Investigation into In-Context Learning Capabilities of Transformers

Transformers have demonstrated a strong ability for in-context learning (ICL), enabling models to solve previously unseen tasks using only example input output pairs provided at inference time. While prior theoretical work has established conditions under which transformers can perform linear classification in-context, the empirical scaling behavior governing when this mechanism succeeds remains insufficiently characterized. In this paper, we conduct a systematic empirical study of in-context learning for Gaussian-mixture binary classification tasks. Building on the theoretical framework of Frei and Vardi (2024), we analyze how in-context test accuracy depends on three fundamental factors: the input dimension, the number of in-context examples, and the number of pre-training tasks. Using a controlled synthetic setup and a linear in-context classifier formulation, we isolate the geometric conditions under which models successfully infer task structure from context alone. We additionally investigate the emergence of benign overfitting, where models memorize noisy in-context labels while still achieving strong generalization performance on clean test data. Through extensive sweeps across dimensionality, sequence length, task diversity, and signal-to-noise regimes, we identify the parameter regions in which this phenomenon arises and characterize how it depends on data geometry and training exposure. Our results provide a comprehensive empirical map of scaling behavior in in-context classification, highlighting the critical role of dimensionality, signal strength, and contextual information in determining when in-context learning succeeds and when it fails.

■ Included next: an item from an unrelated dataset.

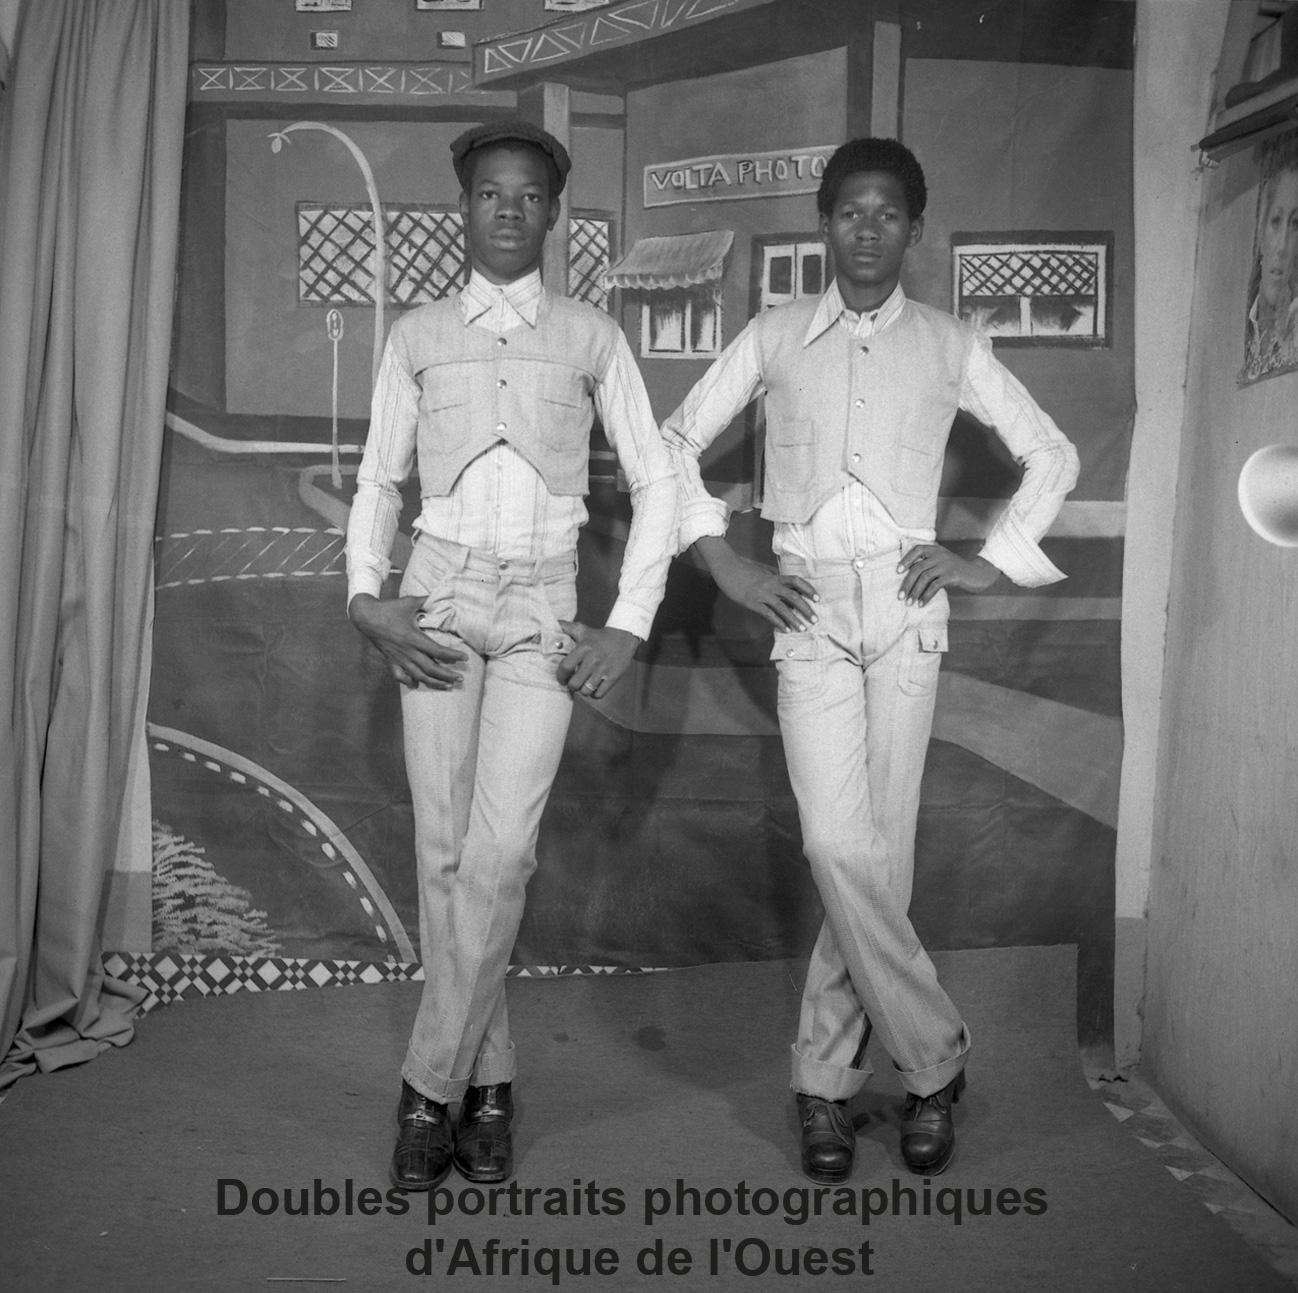 Doubles portraits d'Afrique - Africa Double Portraits

翻译：Transformer在上下文学习（ICL）方面展现出强大能力，使模型仅凭推理时提供的示例输入输出对即可解决先前未见过的任务。尽管已有理论工作确立了Transformer在上下文中执行线性分类的成立条件，但控制该机制成功与否的经验缩放规律仍未得到充分表征。本文针对高斯混合二分类任务开展了系统的上下文学习实证研究。基于Frei与Vardi（2024）的理论框架，我们分析了上下文测试准确率如何依赖于三个基本因素：输入维度、上下文示例数量以及预训练任务数量。通过受控合成实验与线性上下文分类器建模，我们分离出模型仅从上下文成功推断任务结构的几何条件。此外还探究了良性过拟合现象的出现机制——模型在记忆含噪上下文标签的同时，仍能在干净测试数据上实现优异泛化性能。通过跨越维度、序列长度、任务多样性及信噪比区间的全面参数扫描，我们识别出该现象产生的参数区域，并刻画其如何依赖于数据几何结构与训练暴露程度。研究结果为上下文分类中的缩放行为提供了全面的经验图谱，揭示了维度、信号强度与上下文信息在决定上下文学习成败中的关键作用。